Data shown ->
------------------------------------------------------------

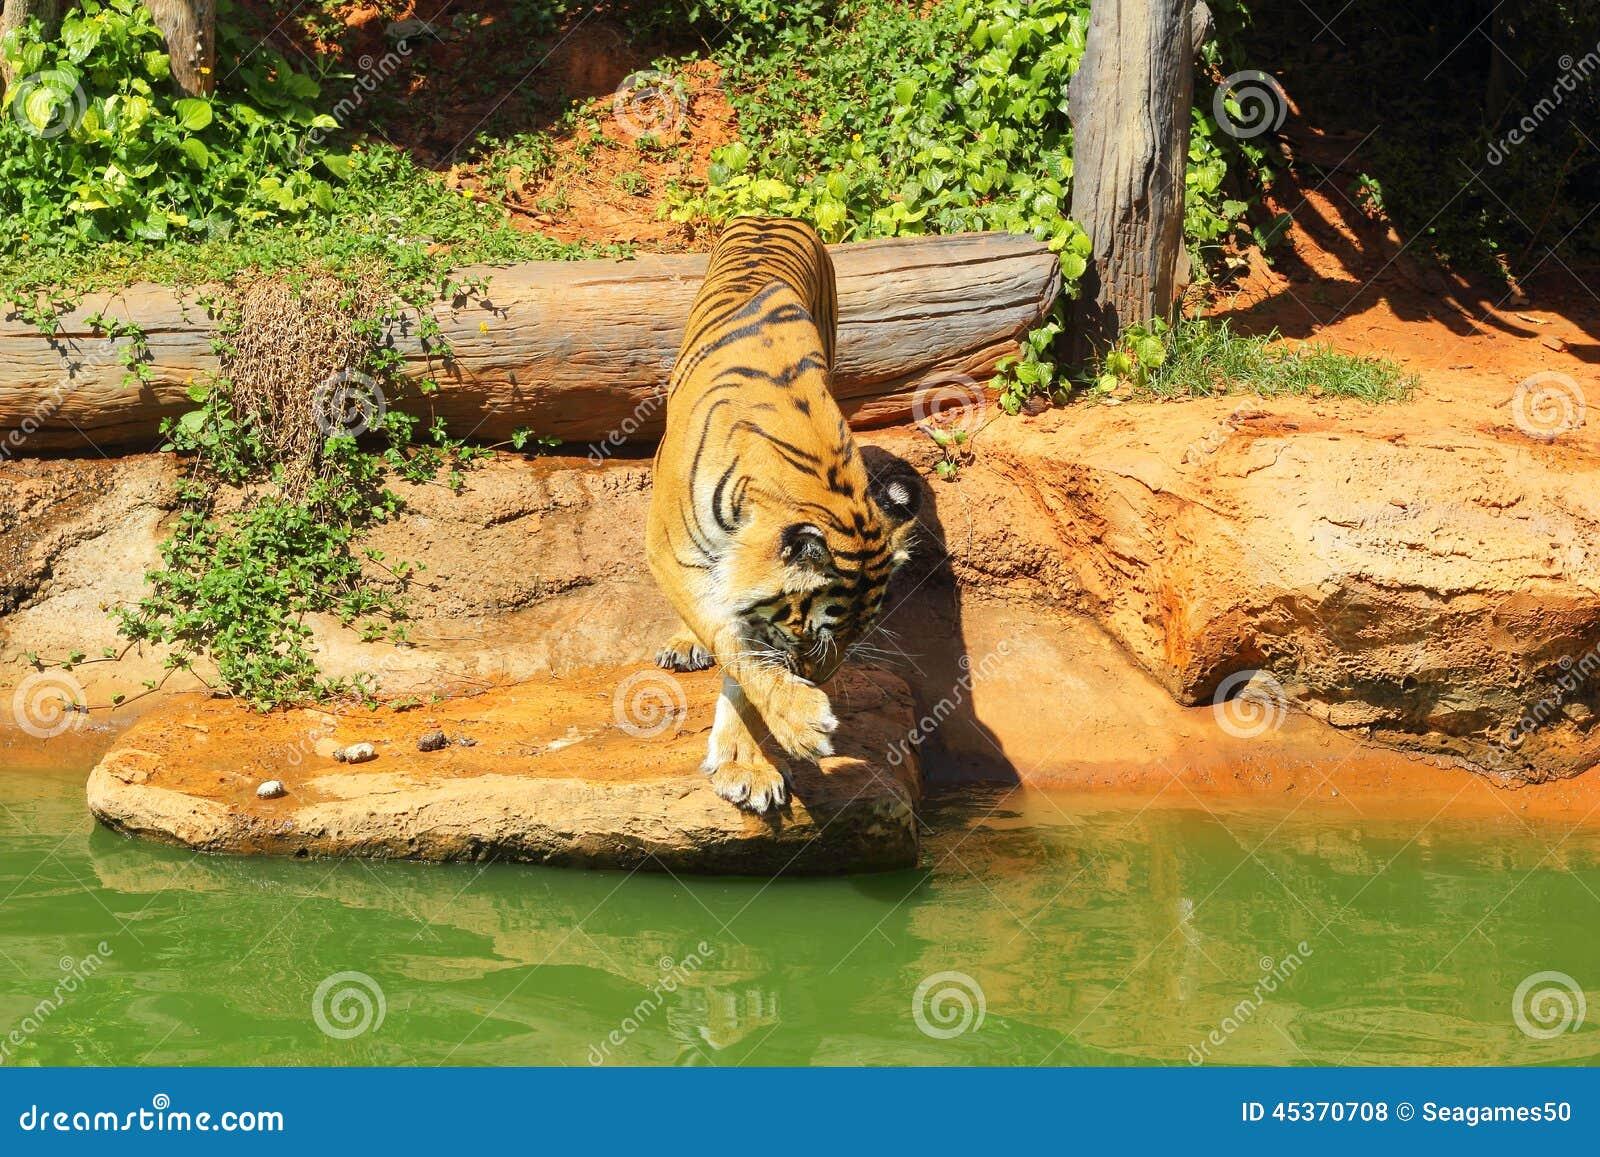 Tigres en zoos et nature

------------------------------------------------------------

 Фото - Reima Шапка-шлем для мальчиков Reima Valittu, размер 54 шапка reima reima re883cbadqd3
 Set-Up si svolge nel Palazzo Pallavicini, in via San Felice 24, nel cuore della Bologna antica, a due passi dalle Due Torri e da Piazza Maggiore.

------------------------------------------------------------

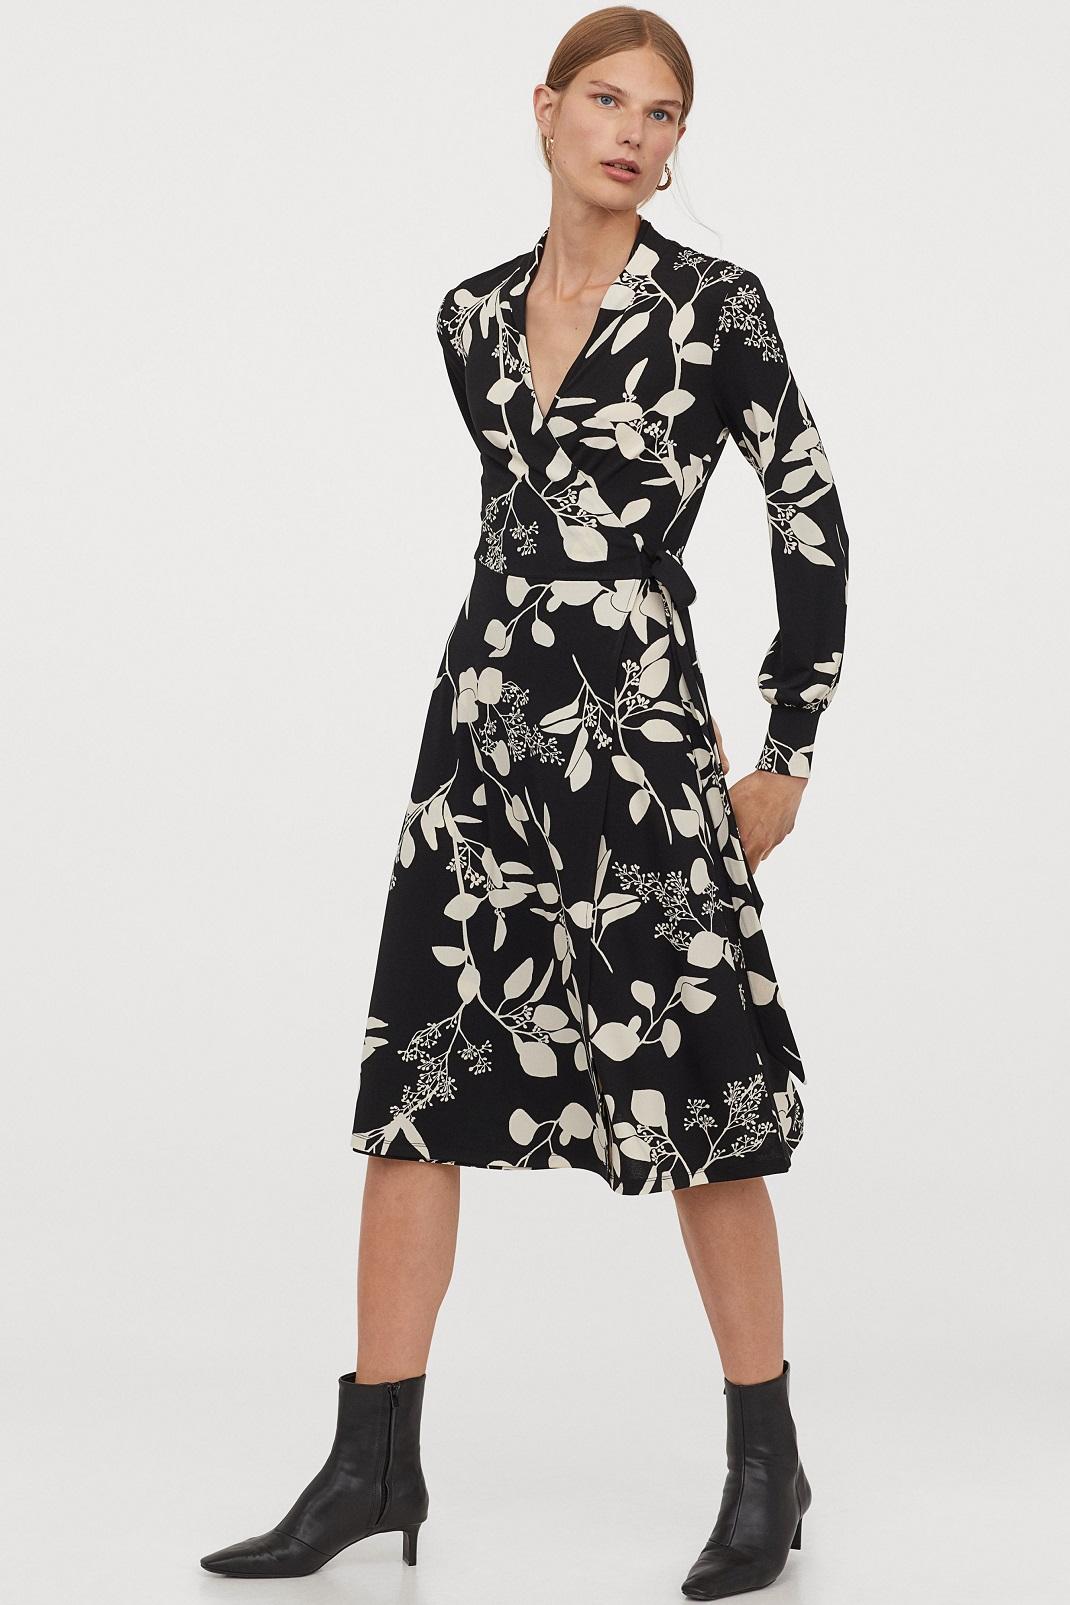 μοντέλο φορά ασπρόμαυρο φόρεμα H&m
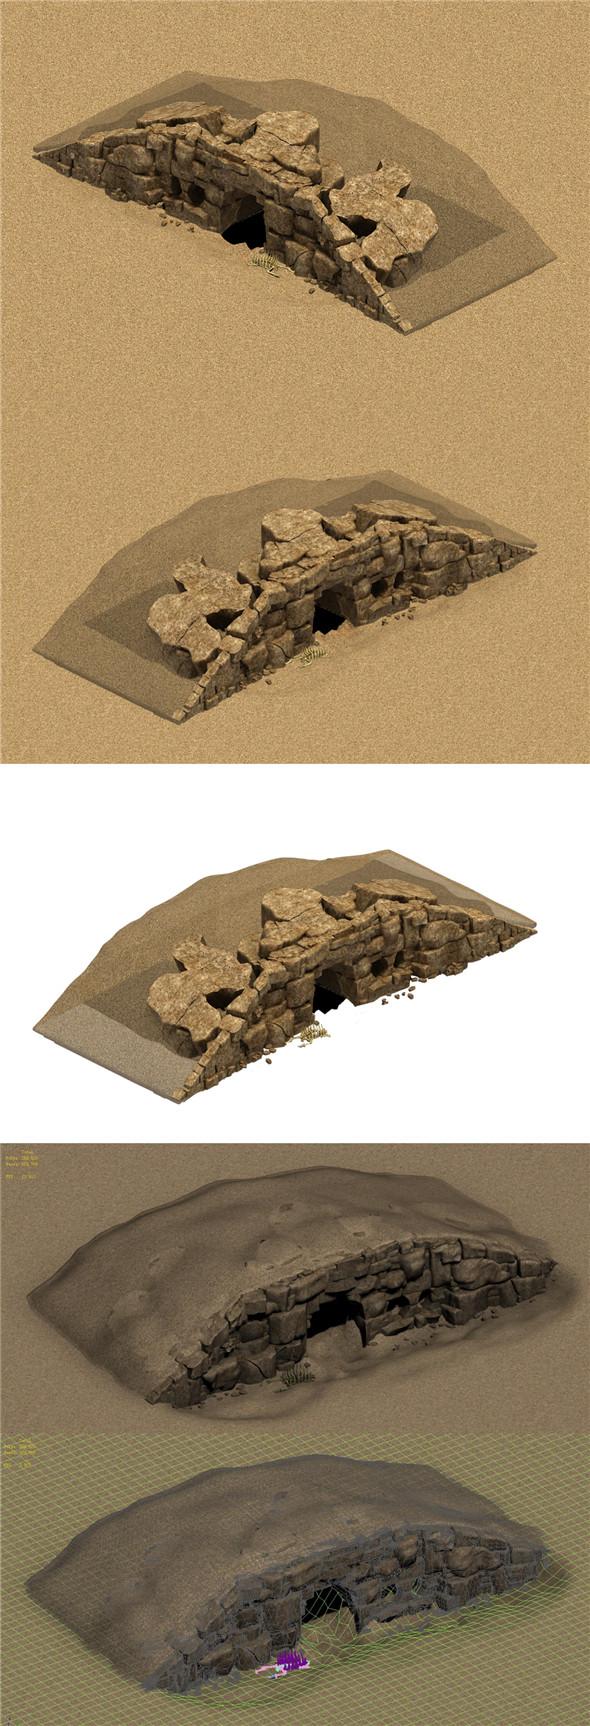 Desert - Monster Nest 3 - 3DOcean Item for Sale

------------------------------------------------------------

What to do ->
An exact copy of the lines above between the line holding "Фото - Reima" and the line holding "Set-Up si svolge", inclusive, is the whole answer.

Solution for this exercise ->
 Фото - Reima Шапка-шлем для мальчиков Reima Valittu, размер 54 шапка reima reima re883cbadqd3
 Set-Up si svolge nel Palazzo Pallavicini, in via San Felice 24, nel cuore della Bologna antica, a due passi dalle Due Torri e da Piazza Maggiore.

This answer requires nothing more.